I think that disk time is not simply proportional to IO size. If there
are two groups whose wights are equally assigned and they issue
different sized IOs repsectively, the bandwidth of each group would
not distributed equally as expected.
> I am not against implementing things in higher layer as long as we can
> ensure tight control on latencies, strong isolation between groups and
> not break CFQ's class and ioprio model with-in group.
> > BTW, I will start to reimplement dm-ioband into block layer.
> Can you elaborate little bit on this?
bio is grabbed in generic_make_request() and throttled as well as
dm-ioband's mechanism. dmsetup command is not necessary any longer.
> > > Fairness for higher level logical devices
> > > =========================================
> > > Do we want good fairness numbers for higher level logical devices also
> > > or it is sufficient to provide fairness at leaf nodes. Providing fairness
> > > at leaf nodes can help us use the resources optimally and in the process
> > > we can get fairness at higher level also in many of the cases.
> > We should also take care of block devices which provide their own
> > make_request_fn() and not use a IO scheduler. We can't use the leaf
> > nodes approach to such devices.
> I am not sure how big an issue is this. This can be easily solved by
> making use of NOOP scheduler by these devices.
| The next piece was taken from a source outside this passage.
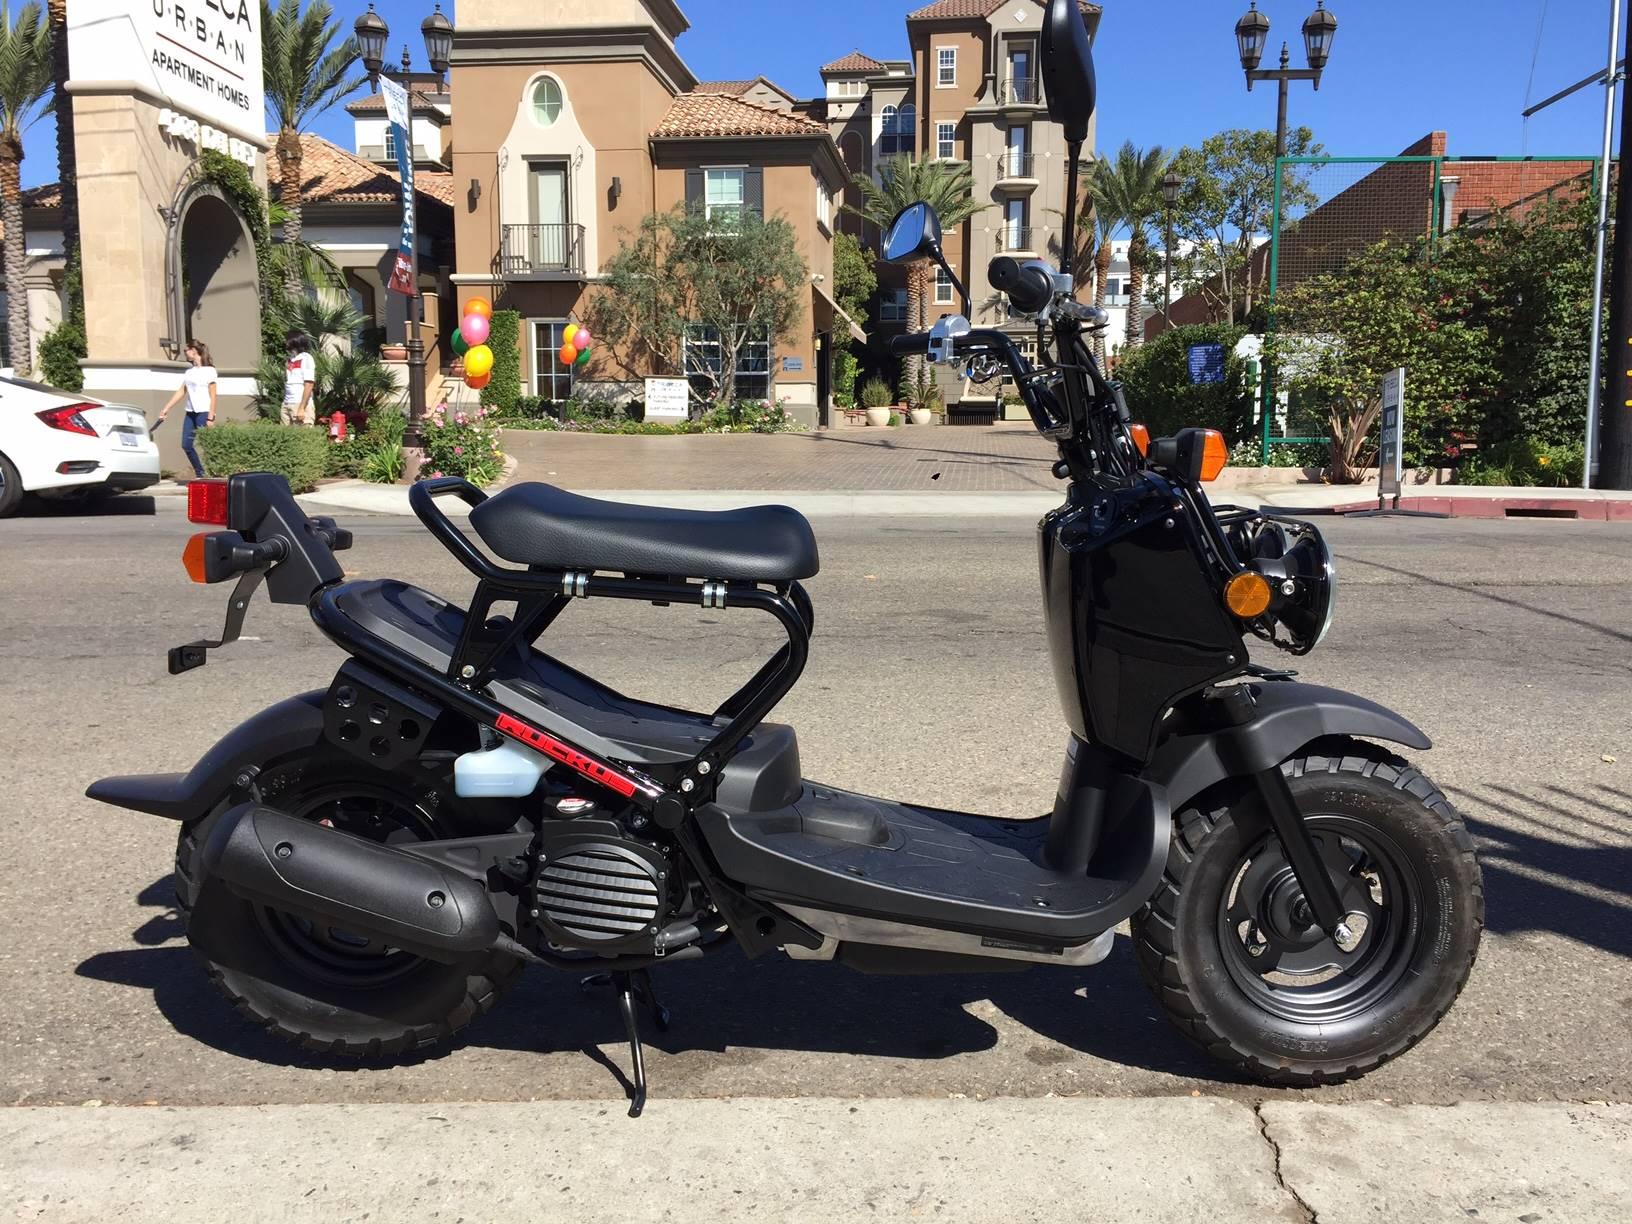 2017 Honda Ruckus Scooters Marina Del Rey California

What are the reasons for
> these devices to not use even noop?
I'm not sure why the developers of the device driver choose their own
way, and the driver is provided in binary form, so we can't modify it.
> > > Fairness with-in group
> > > ======================
> > > One of the issues with higher level controller is that how to do fair
> > > throttling so that fairness with-in group is not impacted. Especially
> > > the case of making sure that we don't break the notion of ioprio of the
> > > processes with-in group.
> > I ran your test script to confirm that the notion of ioprio was not
> > broken by dm-ioband. Here is the results of the test.
> > https://lists.linux-foundation.org/pipermail/containers/2009-May/017834.html
> > I think that the time period during which dm-ioband holds IO requests
> > for throttling would be too short to break the notion of ioprio.
> Ok, I re-ran that test. Previously default io_limit value was 192 and now
The default value of io_limit on the previous test was 128 (not 192)
which is equall to the default value of nr_request.
> I set it up to 256 as you suggested. I still see writer starving reader. I
> have removed "conv=fdatasync" from writer so that a writer is pure buffered
O.K. You removed "conv=fdatasync", the new dm-ioband handles
sync/async requests separately, and it solves this
buffered-write-starves-read problem. I would like to post it soon
after doing some more test.
> On top of that can you please give some details how increasing the
> buffered queue length reduces the impact of writers?
When the number of in-flight IOs exceeds io_limit, processes which are
going to issue IOs are made sleep by dm-ioband until all the in-flight
IOs are finished. But IO scheduler layer can accept IO requests more
than the value of io_limit, so it was a bottleneck of the throughput.
> IO Prio issue
> I ran another test where two ioband devices were created of weight 100
> each on two partitions. In first group 4 readers were launched. Three
> readers are of class BE and prio 7, fourth one is of class BE prio 0. In
> group2, I launched a buffered writer.
> One would expect that prio0 reader gets more bandwidth as compared to
> prio 4 readers and prio 7 readers will get more or less same bw. Looks like
> that is not happening. Look how vanilla CFQ provides much more bandwidth
> to prio0 reader as compared to prio7 reader and how putting them in the
> group reduces the difference betweej prio0 and prio7 readers.
> Following are the results.
O.K. I'll try to do more test with dm-ioband according to your
comments especially working with CFQ. Thanks for pointing out.